In step 315, the processing module 15 calculates a fourth angle of incidence associated with the virtual camera 701 according to the next driving position and the height of the virtual camera 701, and calculates a second driving azimuth of the next driving position relative to the vehicle according to the next driving position.

In step 316, the processing module 15 converts the perspective projection into the first-view driving auxiliary image or the second-view driving auxiliary image according to the result of mapping the surrounding image to the first three-dimensional projection model or the second three-dimensional projection model, the fourth overhead angle and the second driving azimuth angle. Wherein the operation formula of the perspective projection conversion is the same as the formula (3), and theta _x ＝0，θ _y Is the fourth angle of tilt, θ _z The second driving azimuth.

The driving assistance image generation program of the present embodiment determines the viewing angle of the virtual camera 701 according to different driving situations when generating the driving assistance image, and when an obstacle exists, converts the corresponding viewing field driving assistance image according to at least the obstacle azimuth, thereby reminding the driver of paying attention to the obstacle so as to avoid collision, and when the driver has a turning behavior, converts the corresponding viewing field driving assistance image according to at least the turning azimuth, thereby assisting the driver to pay attention to the road condition when turning. In addition, the processing module 15 can predict the next driving position of the vehicle according to the driving track or the vehicle body signal, and set the observation angle as the next driving position in advance, so that the driving can know the road condition in advance and respond to the road condition in advance.
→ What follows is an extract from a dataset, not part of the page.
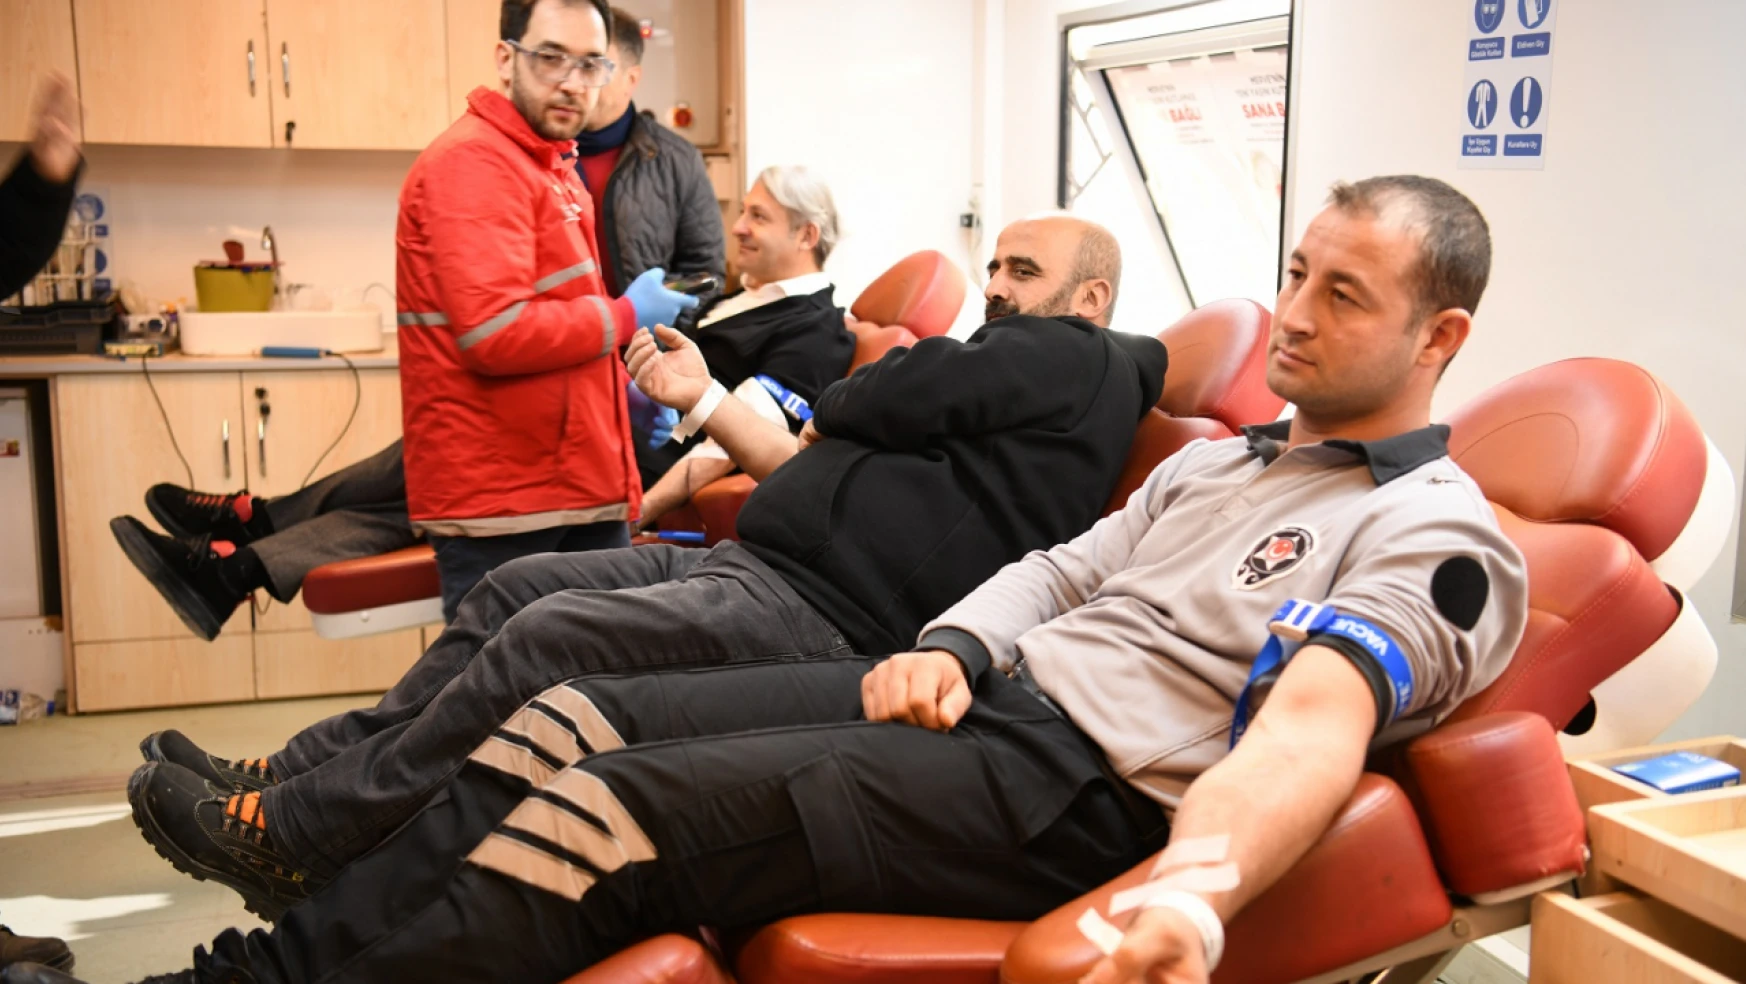 Yeşilyurt Belediye Personelleri Kan Bağışında Bulundu

However, in other embodiments of the present invention, the priority of steps 304 and 307 can be adjusted according to the driving requirement, and is not limited thereto.

In summary, in the driving assistance image generating method of the present invention, the processing module 15 selects different three-dimensional projection models according to the position of the obstacle and the vehicle speed, so that the image is more truly presented according to the different driving situations, and in addition, the processing module 15 determines the viewing angle of the virtual camera 701 according to the different driving situations, so as to generate the driving assistance image more conforming to the driving situations, and the processing module 15 can also predict the next driving position of the vehicle, and set the viewing angle as the next driving position in advance, so as to allow the driving to know the road condition in advance, and respond, thereby providing the better use experience for the driver, and thus the purpose of the present invention can be achieved.
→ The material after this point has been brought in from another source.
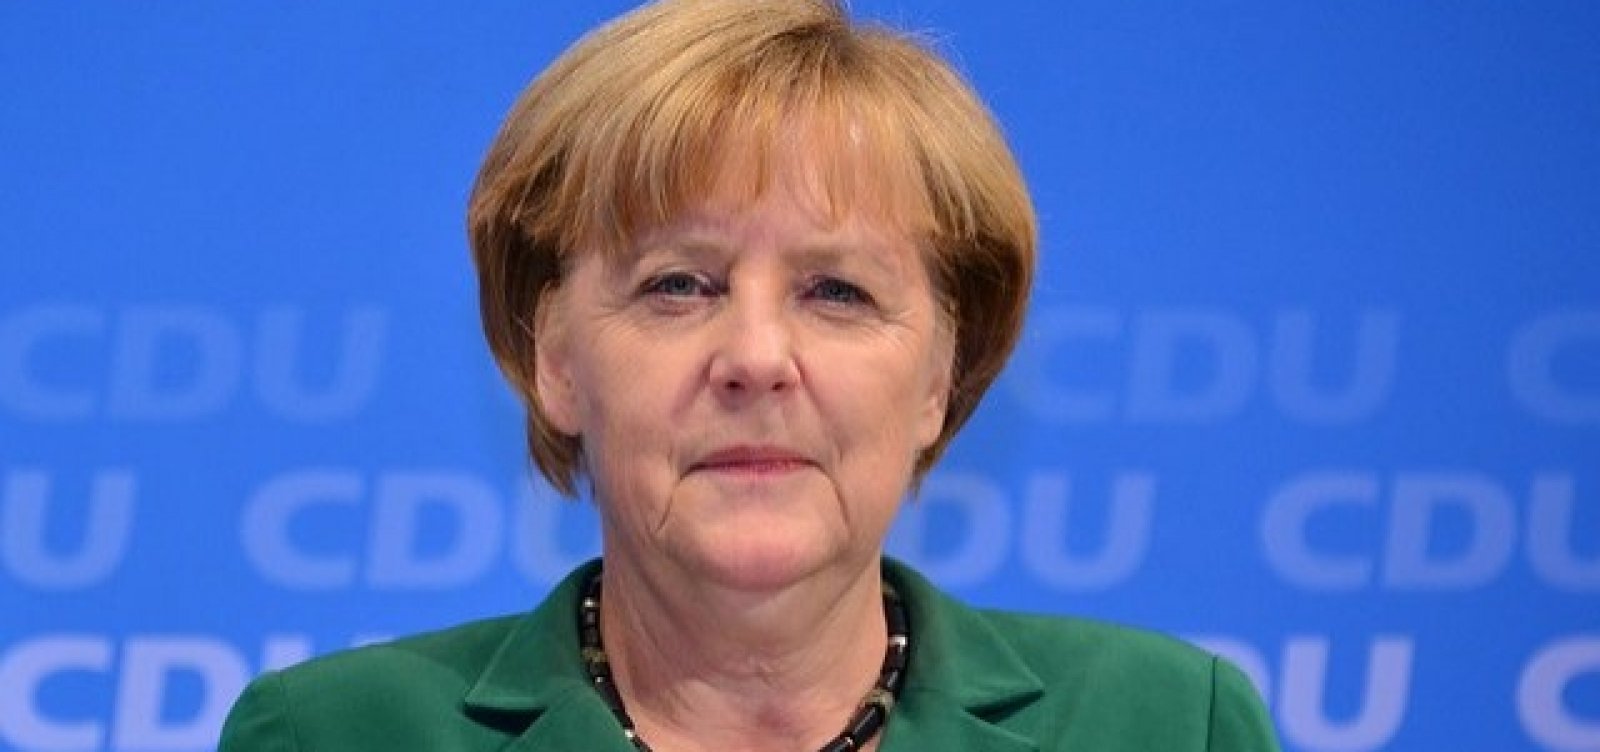 Merkel sinaliza a Johnson possível renegociação do Brexit

The above description is only an example of the present invention, and the scope of the present invention should not be limited thereby, and the invention is still within the scope of the present invention by simple equivalent changes and modifications made according to the claims and the contents of the specification.

Claims (11)

1. A driving auxiliary image generating method is applicable to a vehicle and is implemented by a processing module, the processing module is electrically connected with a shooting unit and an obstacle detecting module, the shooting unit is used for generating and transmitting at least one peripheral image related to the peripheral environment of the vehicle to the processing module, the obstacle detecting module is used for generating and transmitting an obstacle detecting result related to an obstacle corresponding to the vehicle to the processing module, and the driving auxiliary image generating method is characterized by comprising the following steps:

(A) the processing module judges whether the obstacle detection result indicates that the obstacle exists or not;

(B) when the processing module determines that the obstacle exists, wherein the obstacle detection result comprises an obstacle distance between the obstacle and the vehicle, the processing module determines whether the obstacle distance is greater than a distance threshold value;

(C) when the processing module judges that the distance between the obstacles is less than or equal to the distance threshold, the processing module selects a first three-dimensional projection model with an elliptical arc line;

(D) When the processing module judges that the distance between the obstacles is greater than the distance threshold, the processing module selects a second three-dimensional projection model with a circular arc line;

(E) the processing module maps the at least one peripheral image to the first three-dimensional projection model or the second three-dimensional projection model by using an inverse perspective projection conversion method according to the selected first three-dimensional projection model or the selected second three-dimensional projection model; and

(F) and (E) converting the result of the step (E) into a corresponding first-view driving auxiliary image or a second-view driving auxiliary image by using a perspective projection conversion method.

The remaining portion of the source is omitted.